Know where your food comes from

The Butcher Shop and Niku Steakhouse
Wagyu flight at Niku Steakhouse. Photo: Susan Dyer Reynolds

For years as a food writer I’ve stressed the importance of knowing where your food comes from, particularly meat. In today’s world, where many deadly viruses are traced to poor treatment of animals, I believe it’s still the most important thing to know when you buy meat or eat it in a restaurant. Nowhere is this knowledge clearer than at The Butcher Shop by Niku and at Niku Steakhouse next door.

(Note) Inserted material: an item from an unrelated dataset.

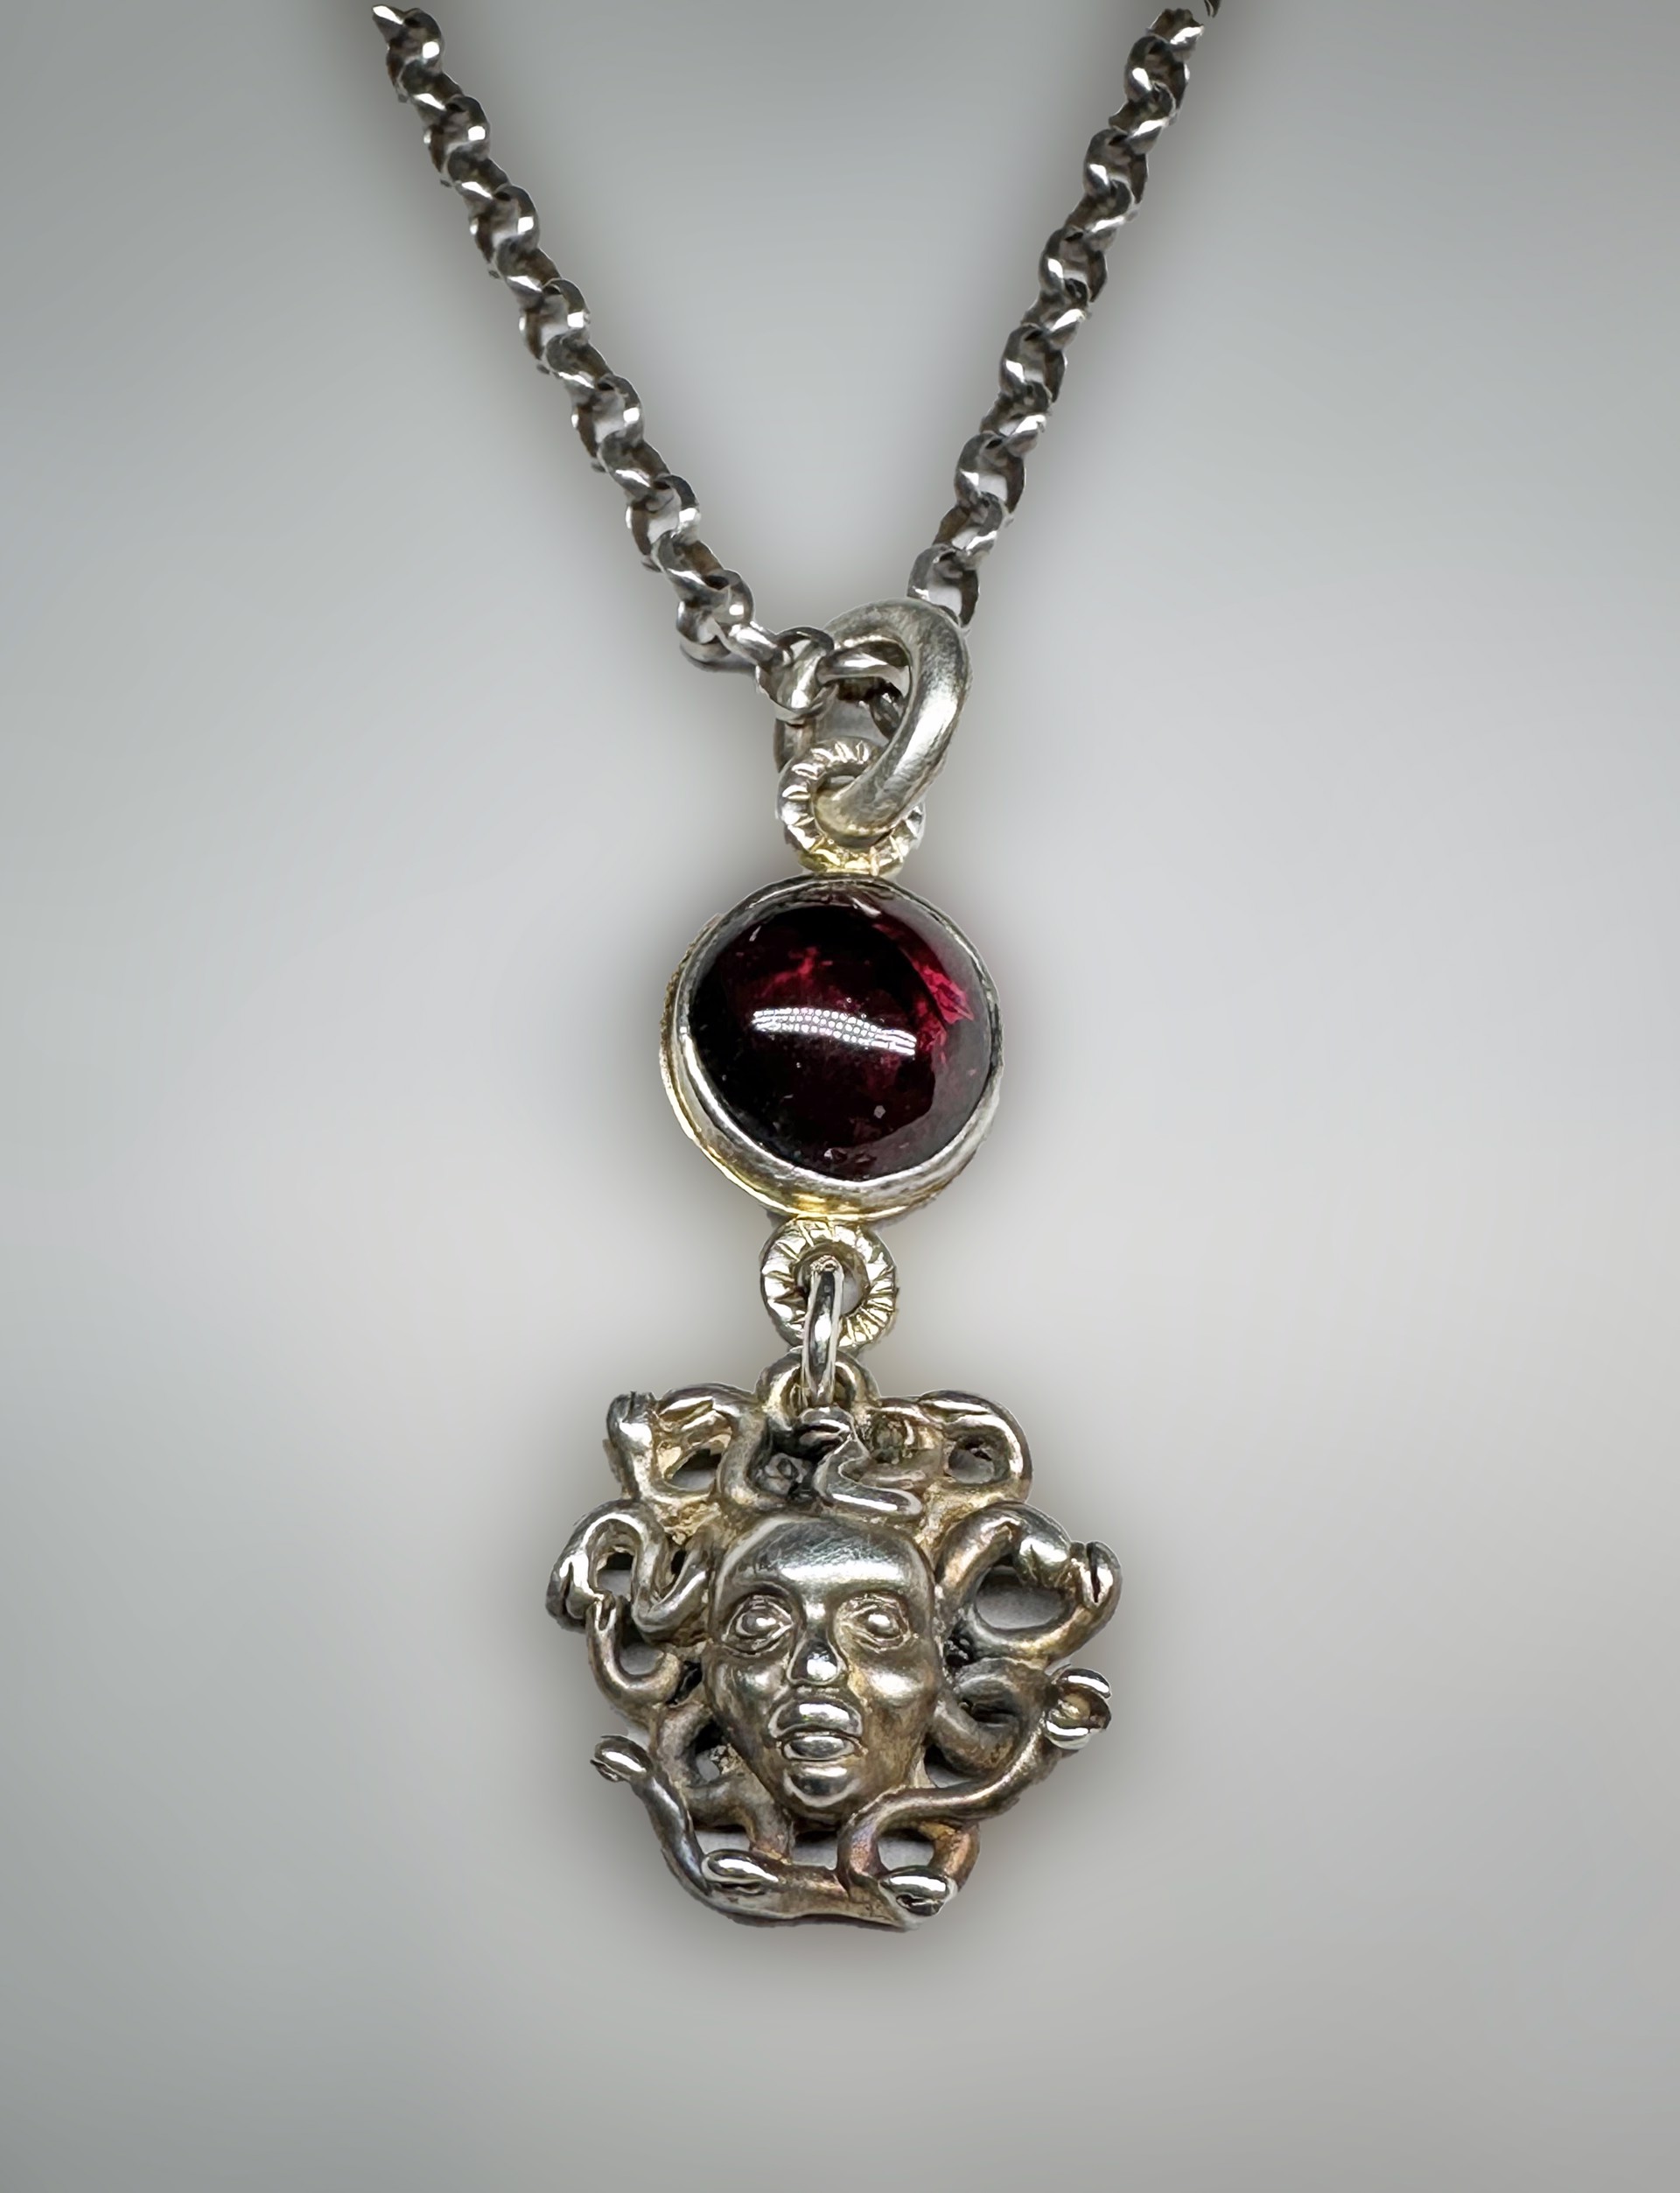 Sterling Silver Pendant with Cast Medusa by Tabor Porter

Guy Crims, head butcher at The Butcher Shop, is a whirlwind of brilliance and passion when it comes to his craft and his product. He started working as a butcher at 14 and never looked back. Like a museum curator, Crims lines the sparkling glass case with stunningly white marbled Japanese A5 Wagyu beef, the finest in the world. The Butcher Shop, he proudly explains, is the exclusive retailer of A5 Wagyu from Ono Farms in Central Japan and the only certified Kobe retailer in San Francisco.

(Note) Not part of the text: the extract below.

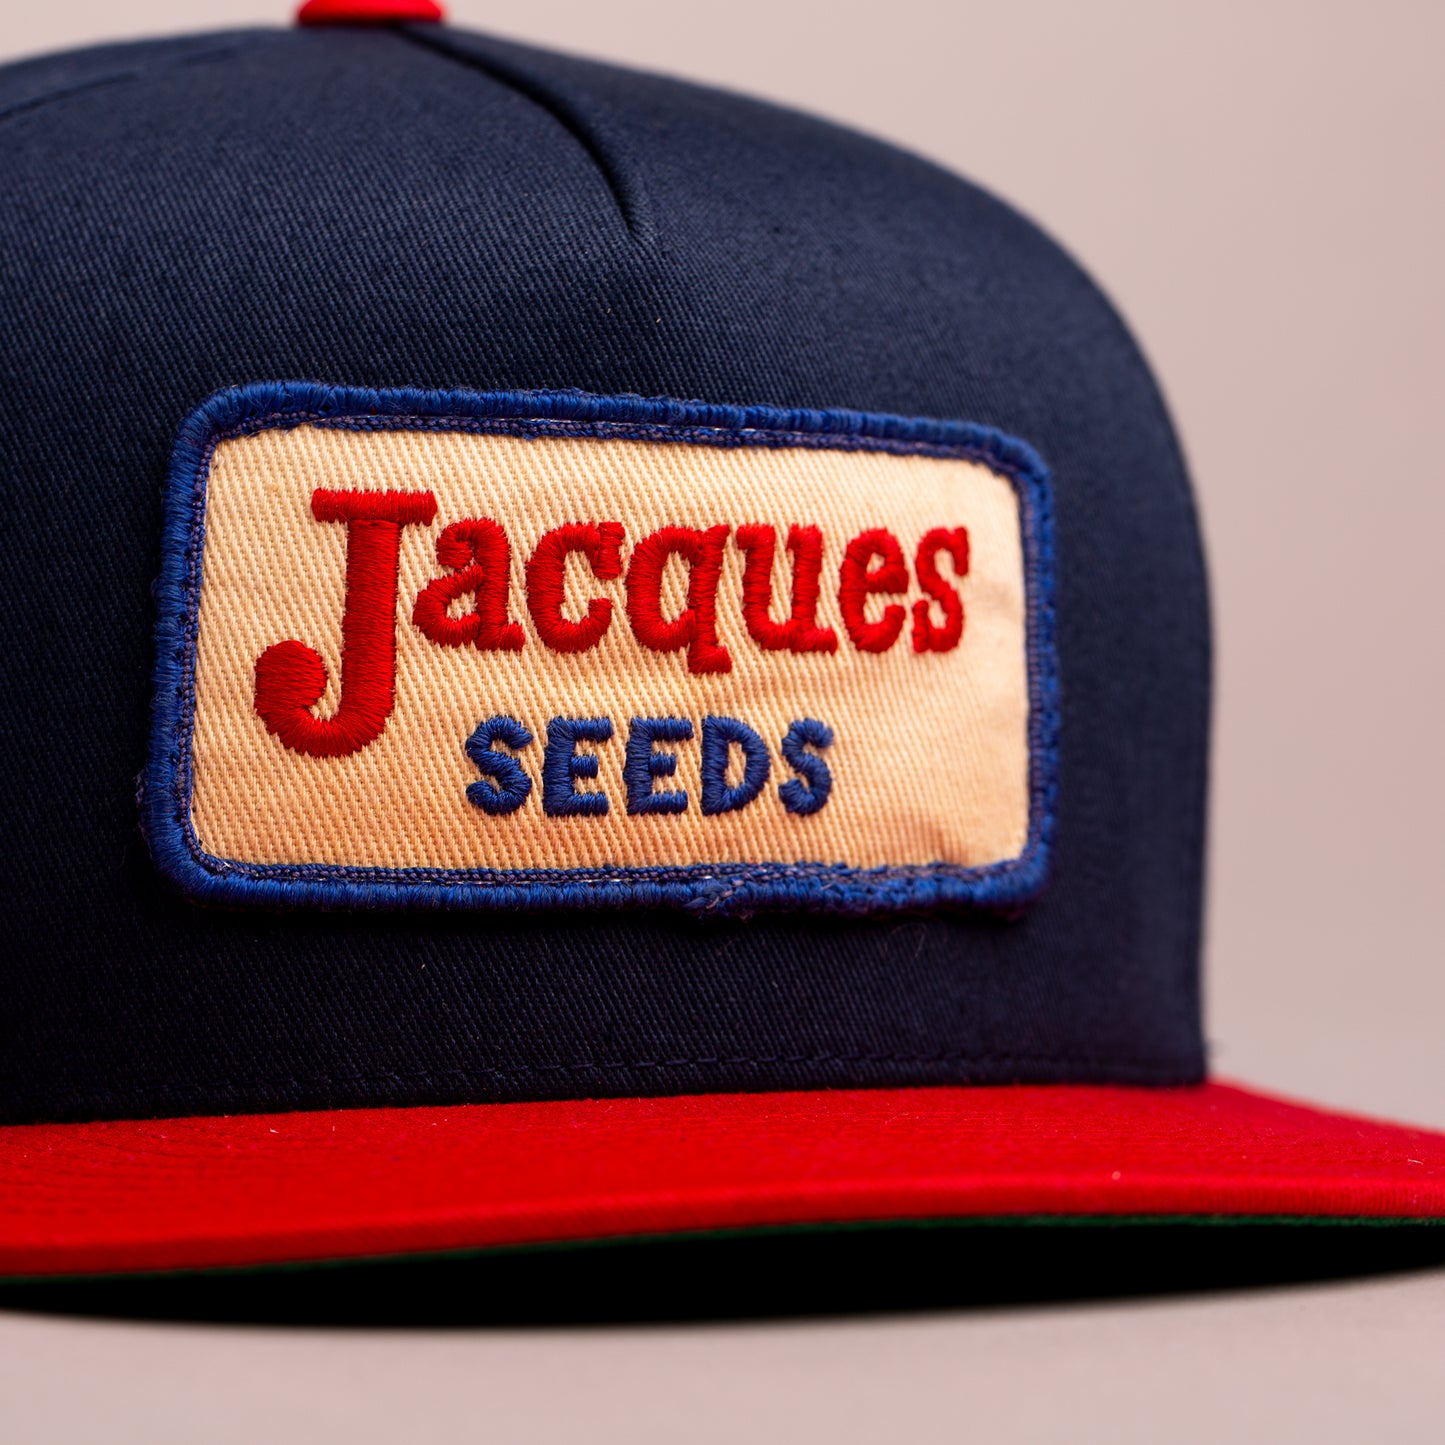 Jacques Seeds

Most people know Japanese A5 Wagyu as Kobe beef; but while all Kobe beef is Wagyu, not all Wagyu is Kobe. Like French wine, Japan produces beef by region, or prefecture. Kobe was known as Tajima in ancient times (some still refer to it as Tajima beef) and the cattle are descendants of “kuoge Waygu,” or black-haired Japanese cattle.

SOMMELIER OF PROTEIN

For Crims, it’s important that customers not only be able to learn the lineage of the A5 Wagyu beef from multiple prefectures in Japan (each of the cattle can be traced from birth) but also to feel comfortable asking questions about cooking techniques and cuts (standard cuts are available daily, but aficionados can request custom thickness or quantity). Along with A5, dry-aged domestic USDA Prime beef and Reserve grade Imperial Wagyu beef from Nebraska, domestic Heritage Kurobuta pork from Iowa, and lamb sourced from a fourth-generation Basque farm, Superior Lamb Company, are also available for purchase.

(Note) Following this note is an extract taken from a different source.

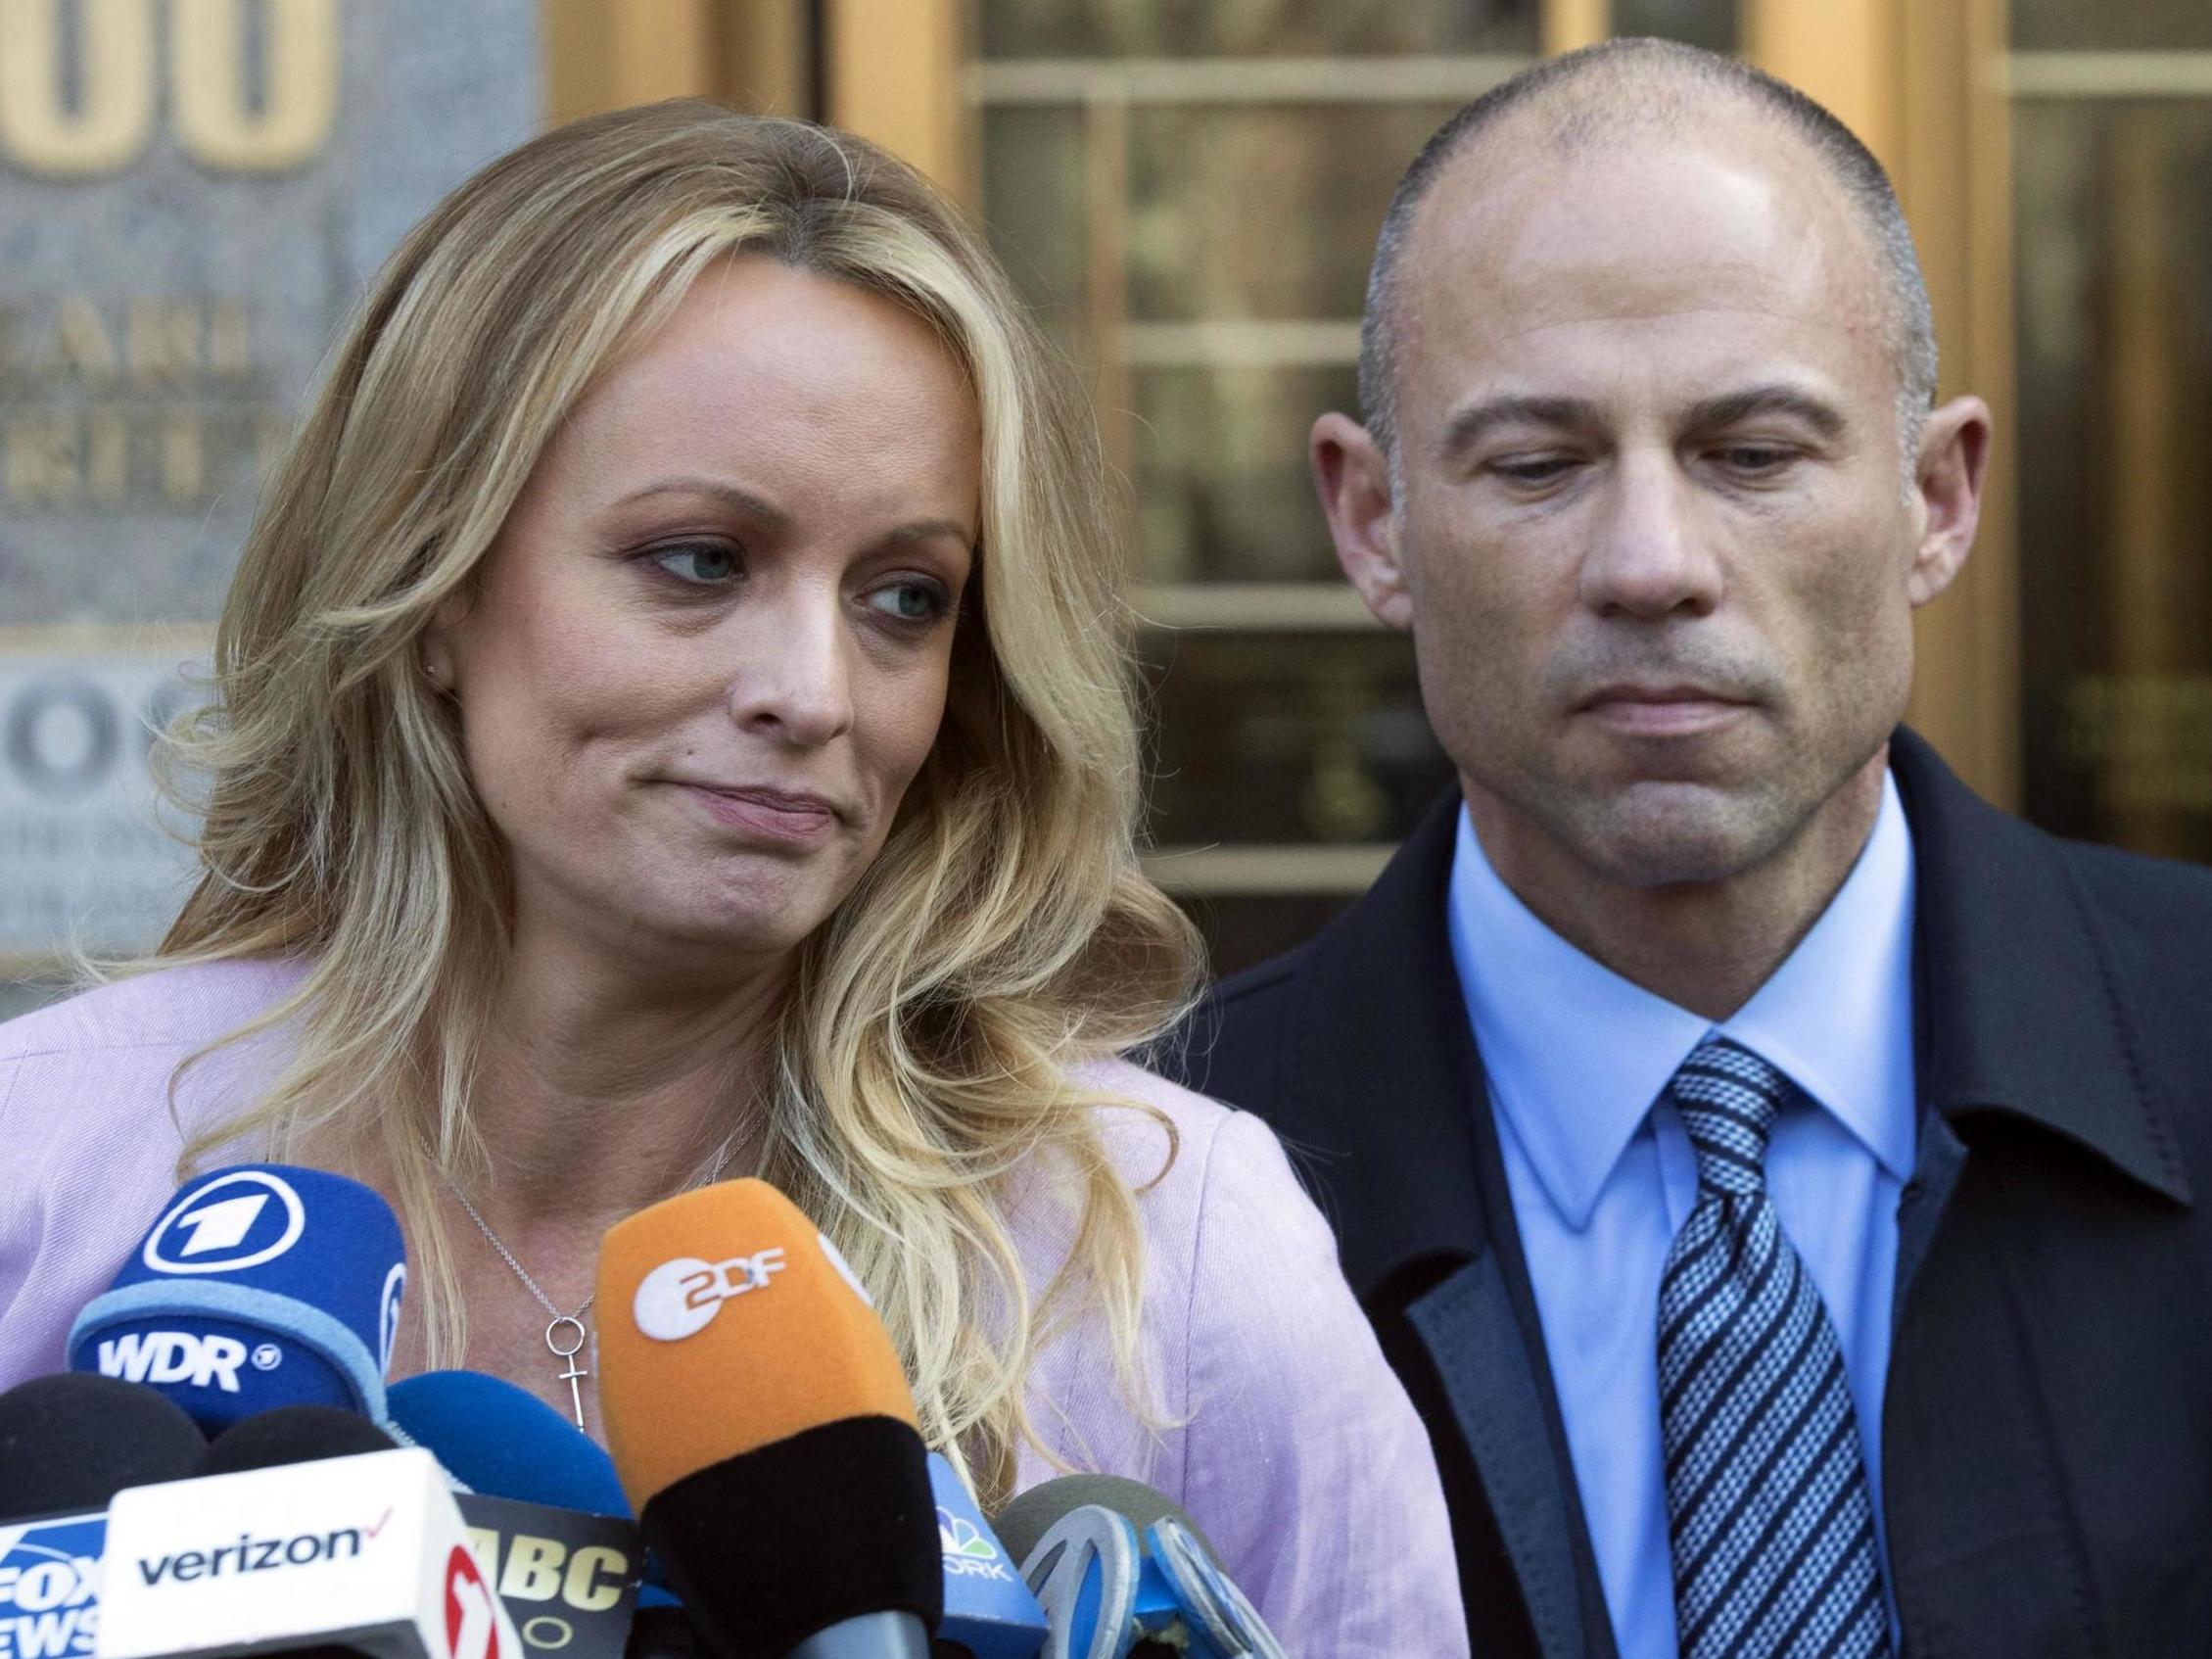 Michael Avenatti: Stormy Daniels’ former lawyer arrested in California | The Independent2500 x 1717

In the bookcase, you’ll find Crims’s personal copy of Upton Sinclair’s The Jungle, which he read in 1994 (“It had a profound effect on me”) alongside Clean Meat. His father was a biker and his mother a hippie, which Crims says helped form his sensibilities. He and his apprentices use every part of the animal and keep a Shinto shrine in front of the meat, just as they do at each processing facility in Japan. “It’s about love, respect, and care,” Crims says. Last year The Butcher Shop did seven of the 200 metric tons of Wagyu brought to the United States. They had the first and only bone-in Wagyu product in the Western Hemisphere. Crims is so serious about wagyu that he has a tattoo of the A5 symbol. He also sent his apprentices to learn butchery in Japan, and entrusts their creativity and vision when doing intimate “invite only” dinners at the shop.

TRY IT ALL AT NIKU STEAKHOUSE

If you’re not lucky enough to score one of those invites, check out dinner at Niku Steakhouse. You’ll find meat from The Butcher Shop cooked to perfection by young chefs, under the tutelage of executive chef Dustin Falcon, who are just as passionate about wagyu as the butchers next door.

Sit at the counter in front of the grilling station and watch the care that goes into every dish. We started with briny Miyagi oysters nestled in Asian pear, horseradish “pearls” and crème fraîche; salmon tartare “tom kha” served with rice toasted and blackened with squid ink and dehydrated into thin crisps; and A5 and imperial wagyu meatballs beside a bowl with sesame seeds and an egg yolk floating in a tore soy dipping sauce.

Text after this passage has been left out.